Пришлось ждать. Она, как примерная девочка, сидела у телефона, отвечала на все звонки, аккуратно записывала, кому что передать из соседей по комнате. А попутно сражалась с выпускающим редактором — у того не было камеры, чтобы послать на какой-то кардиологический конгресс, и он пытался убедить Лизавету одолжить бригаду на полтора часа. Лизавета в ответ огрызалась и твердила, что о конгрессе можно сказать устно или вообще не говорить. Потом звонки посыпались один за другим.
Первый был оформлен в лучших западноевропейских традициях.

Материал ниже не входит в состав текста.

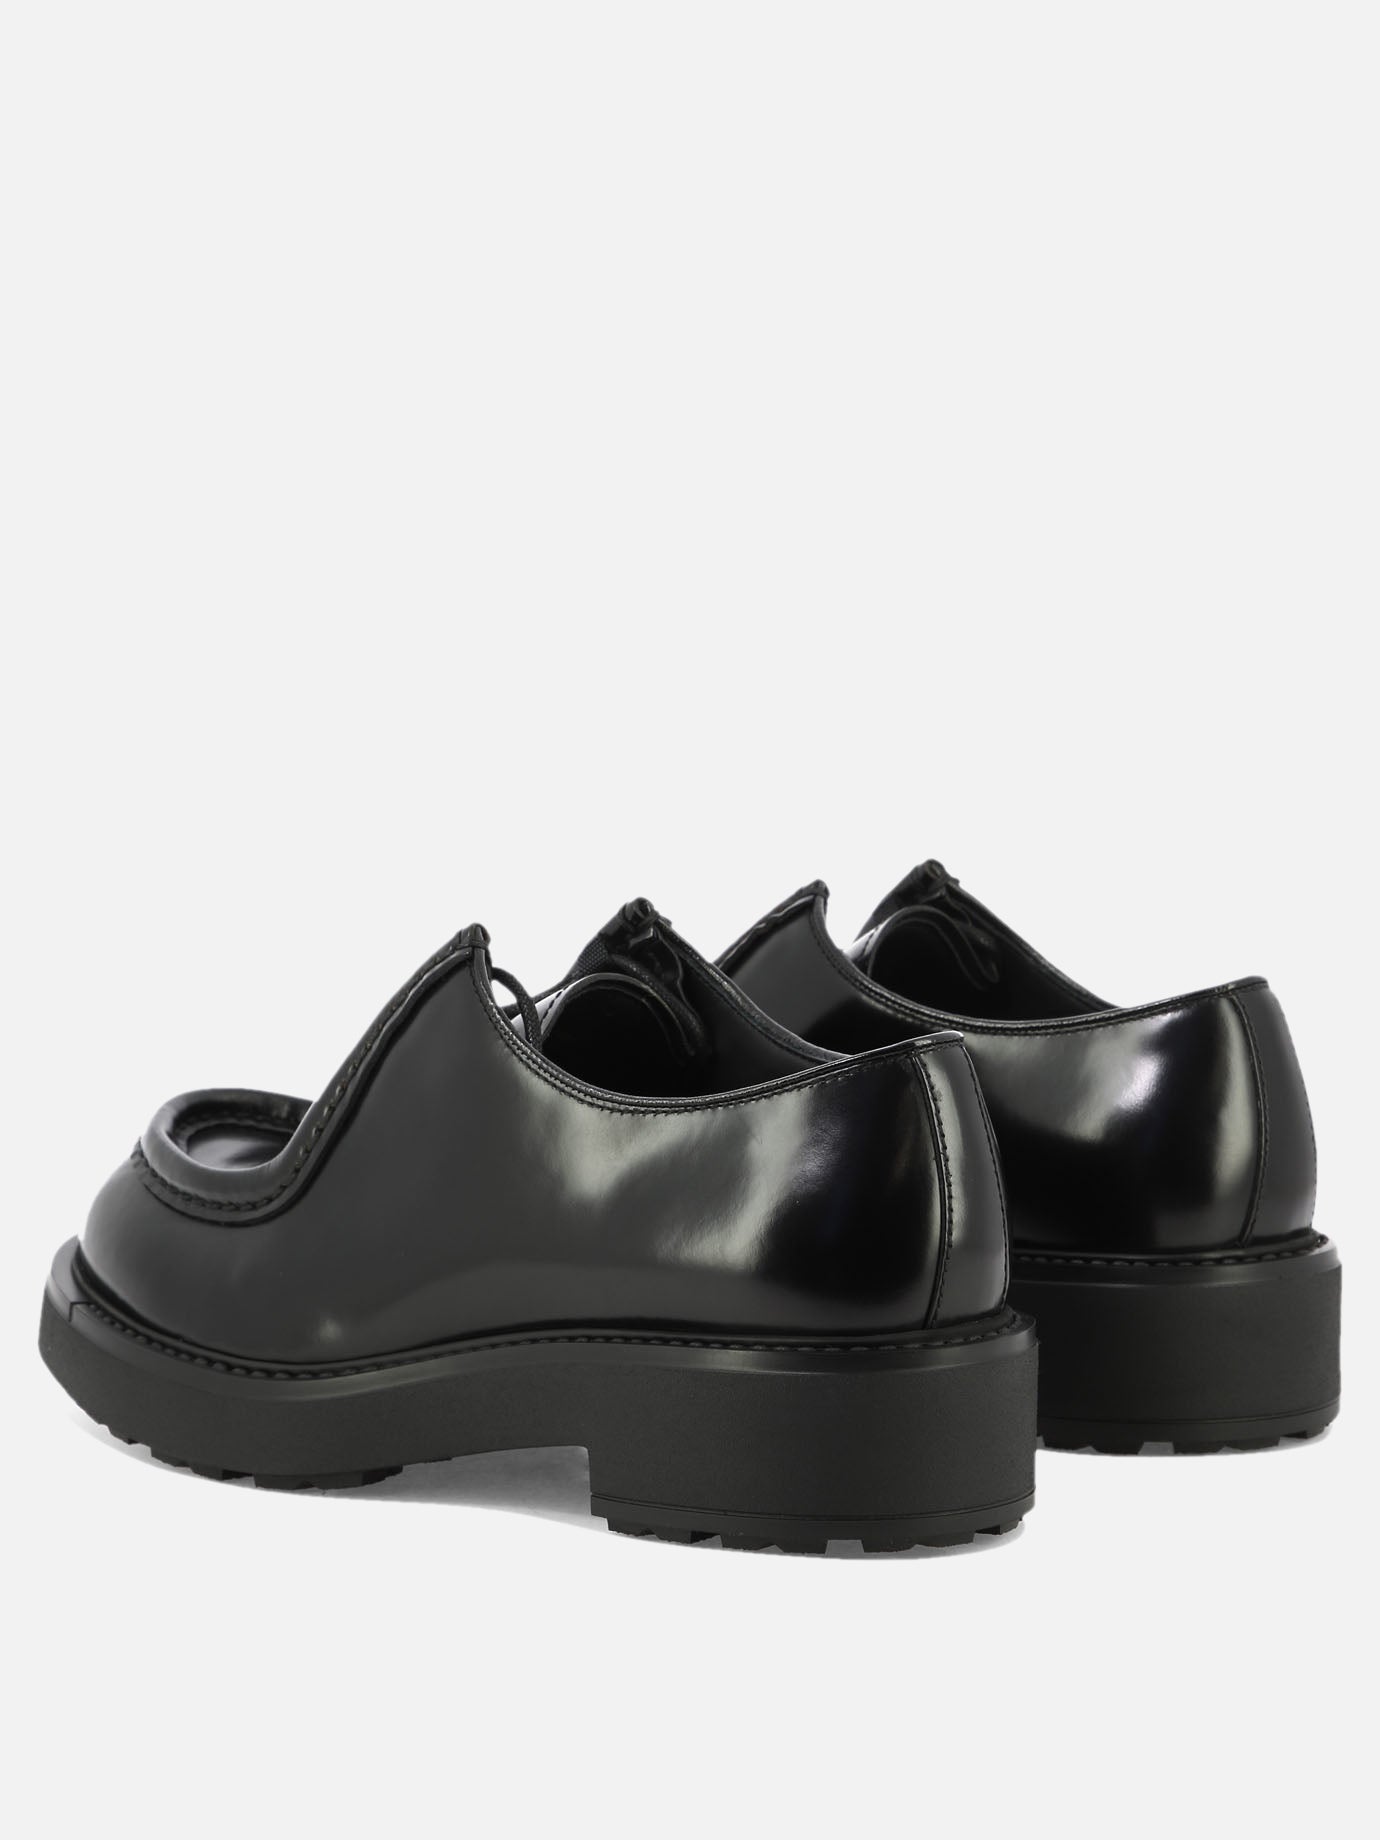 Opaque brushed leather lace-up shoes

Искаженный телефоном и от этого капельку металлический женский голос сначала поинтересовался, действительно ли это редакция информации, потом уточнил, что к аппарату следует пригласить Елизавету Алексеевну Зорину, а убедившись, что все в порядке, торжественно объявил: «С вами будет говорить Андрей Григорьевич Балашов». Не хватало только троекратного удара церемониймейстерского посоха, вместо этого нежно щелкнул переключатель внутренней АТС. У Андрея Григорьевича Балашова был приятный баритон.